(DATA EXTRACT):
----
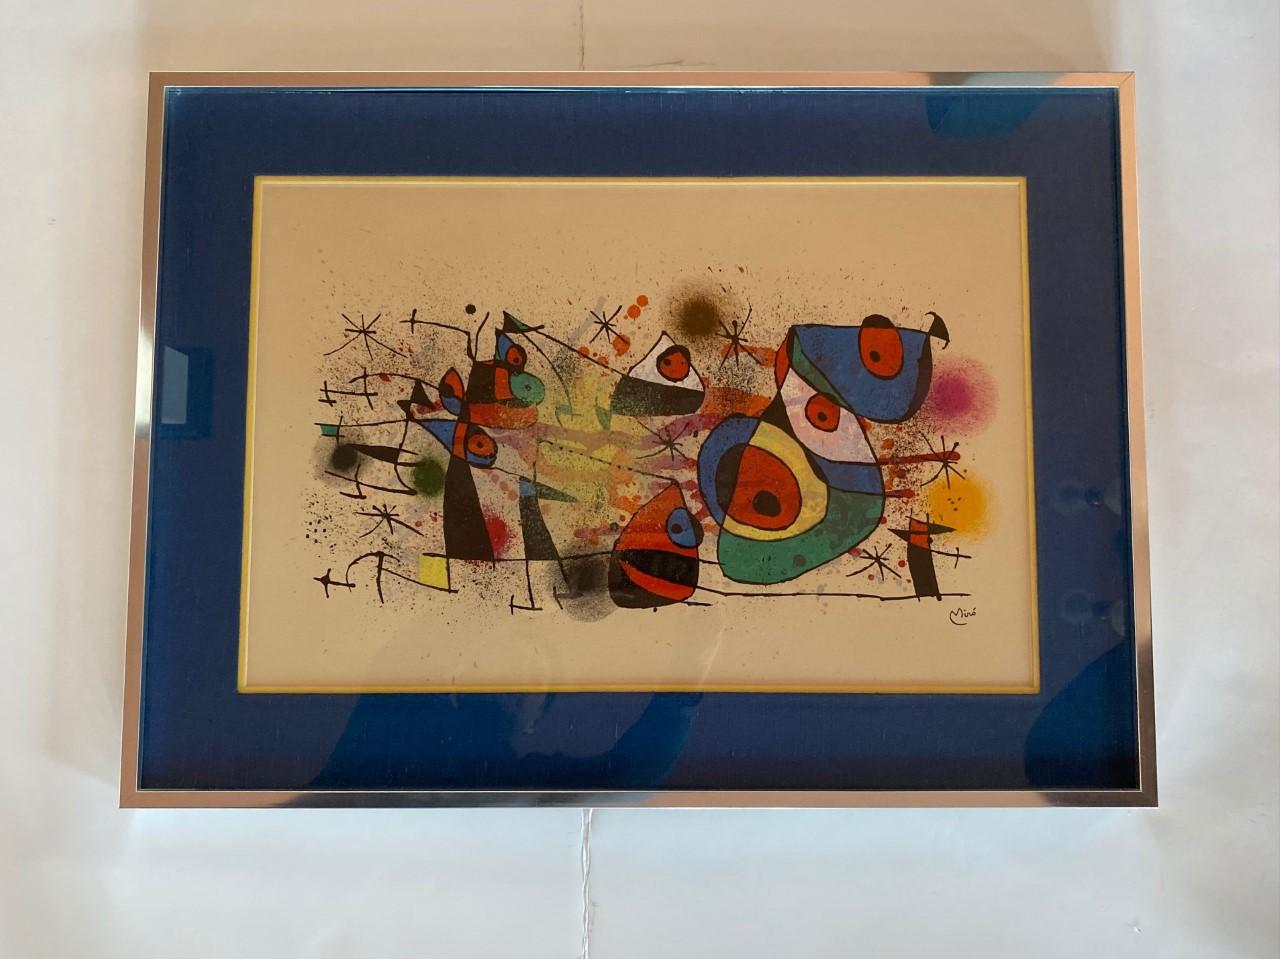 Joan Miró, Ceramiques, est une lithographie originale réalisée en 1974.  Une signature imprimée figure en bas à droite de l'image.  Publié et imprimé par Maeght, Paris.  M.928.
Joan Miró était largement considéré comme l'un des principaux
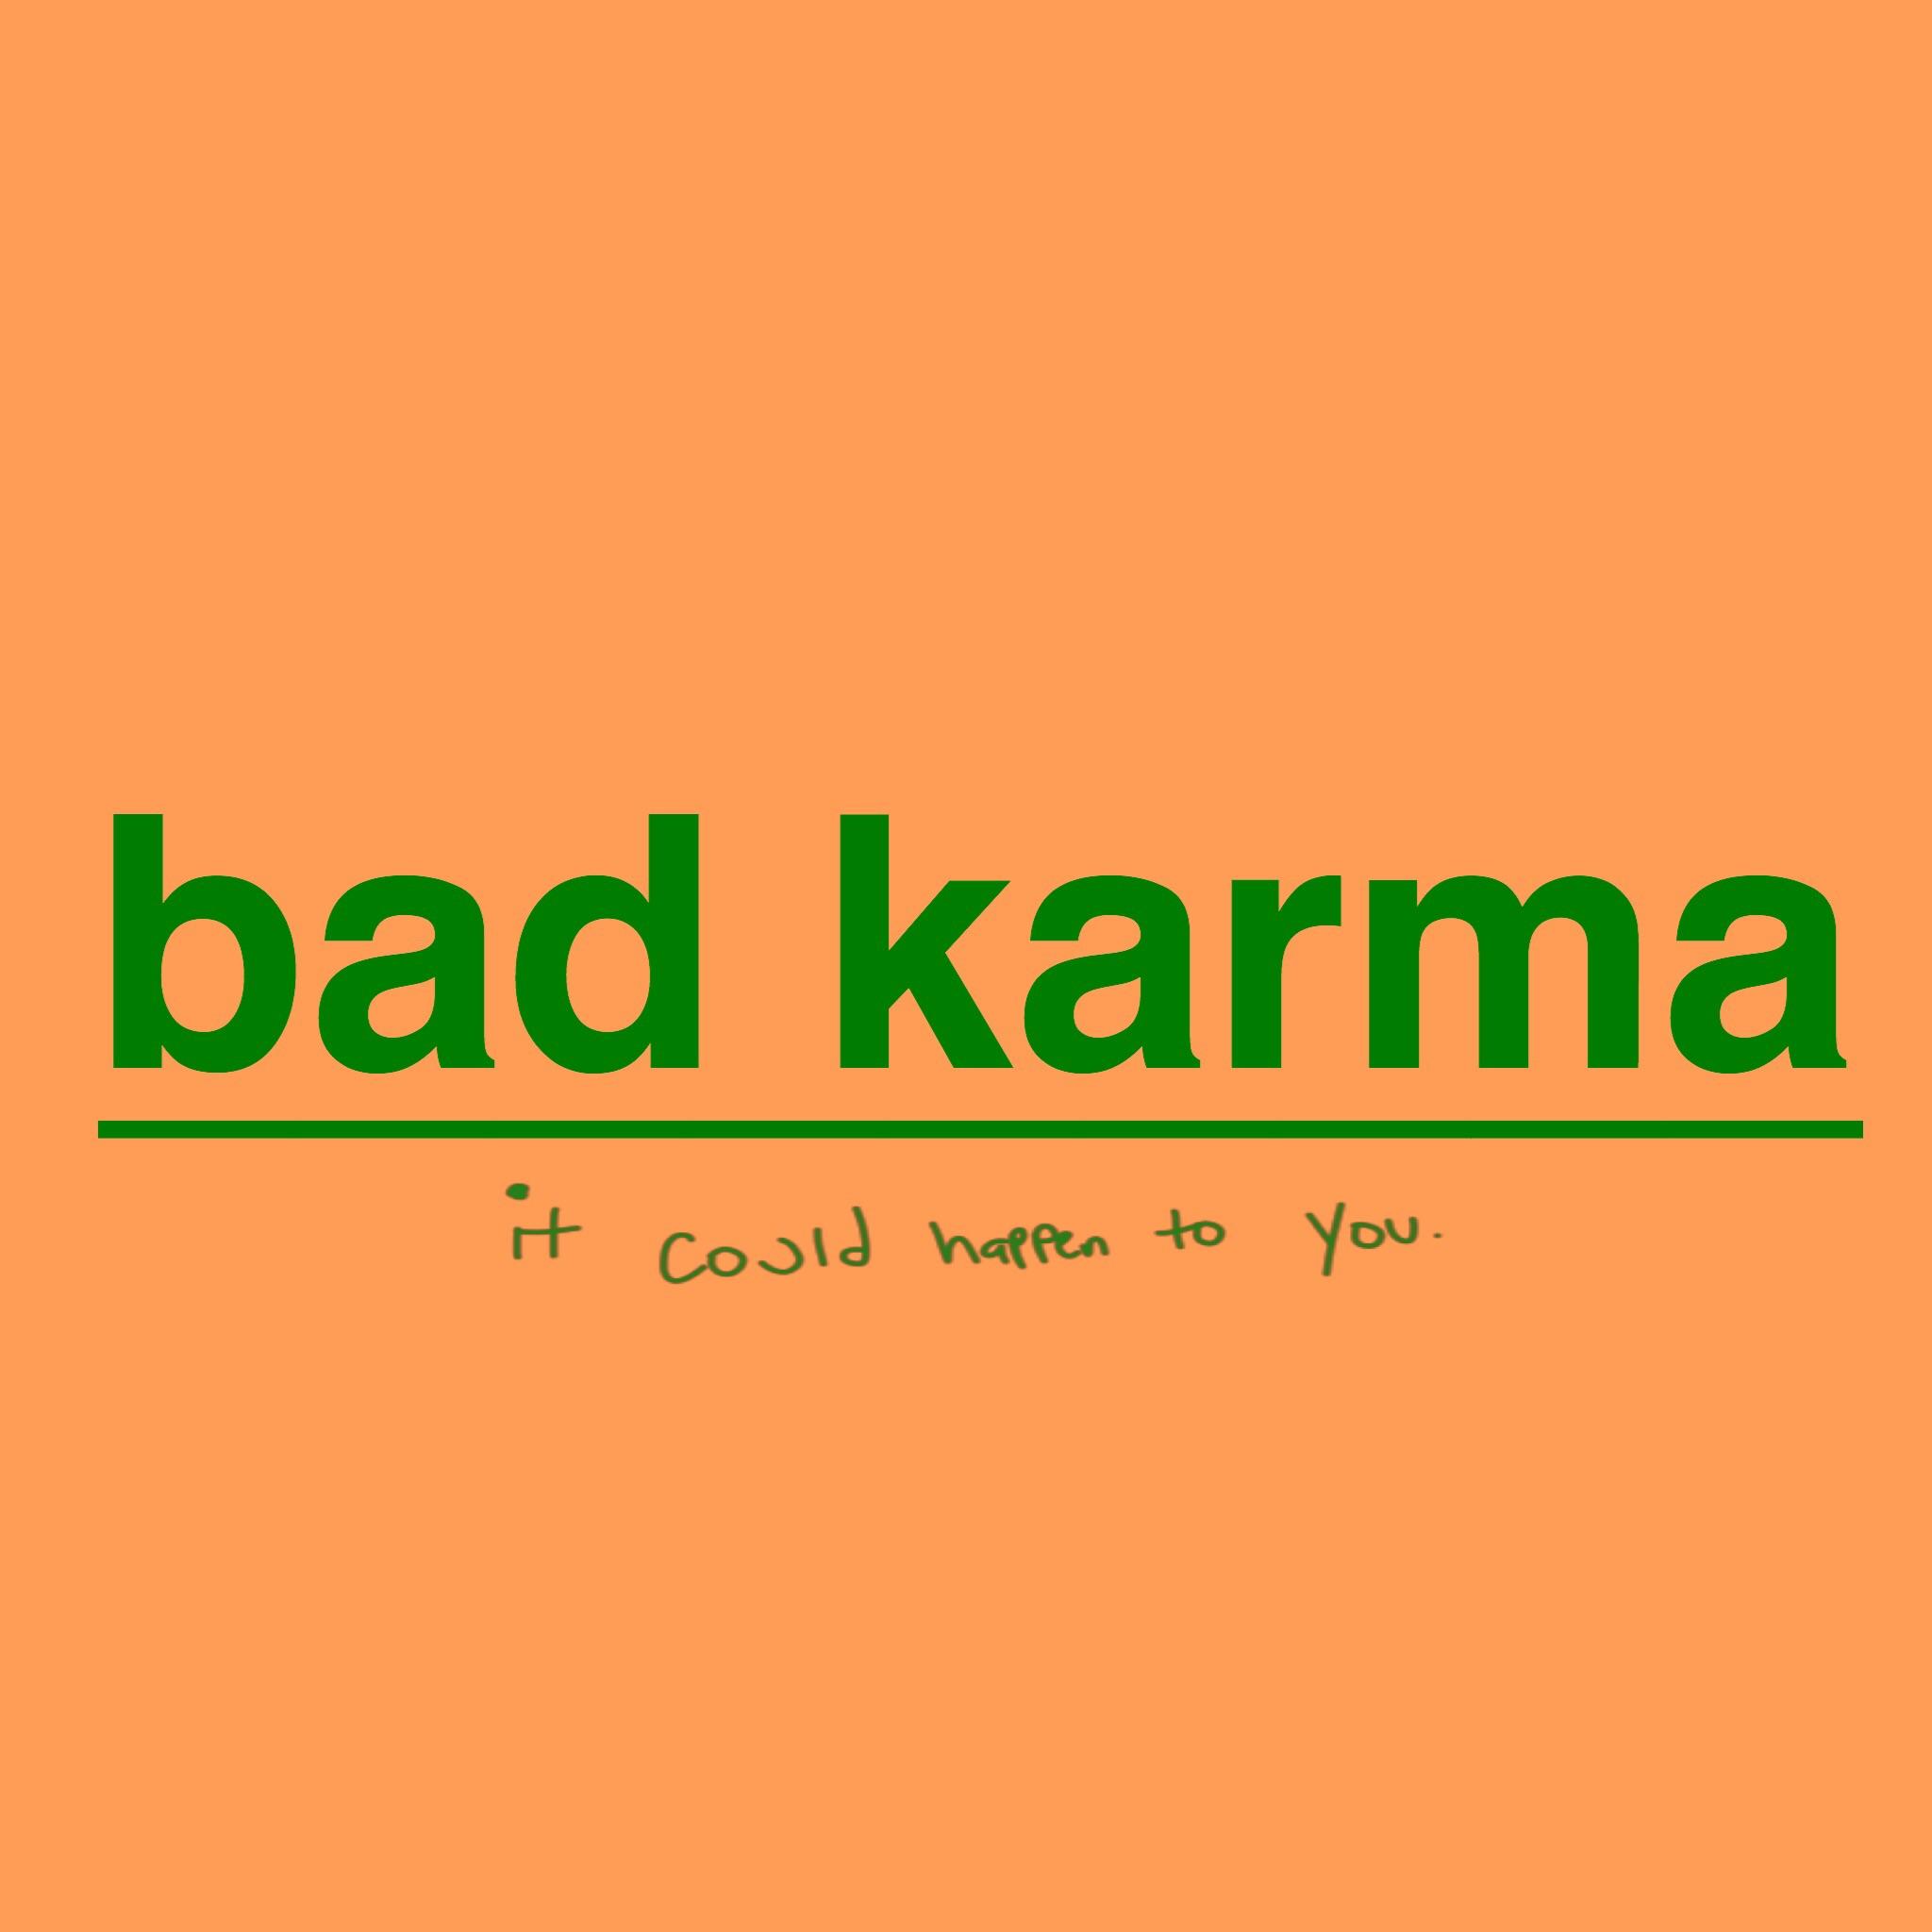 Bad Karma Logo - BH - bad karma : brockhampton
----
(WHAT YOU WILL DO):
The listing is to be reproduced in full and exactly, except that its pictures are to be dropped.

(REPLY):
 Joan Miró, Ceramiques, est une lithographie originale réalisée en 1974.  Une signature imprimée figure en bas à droite de l'image.  Publié et imprimé par Maeght, Paris.  M.928.
Joan Miró était largement considéré comme l'un des principaux
 Bad Karma Logo - BH - bad karma : brockhampton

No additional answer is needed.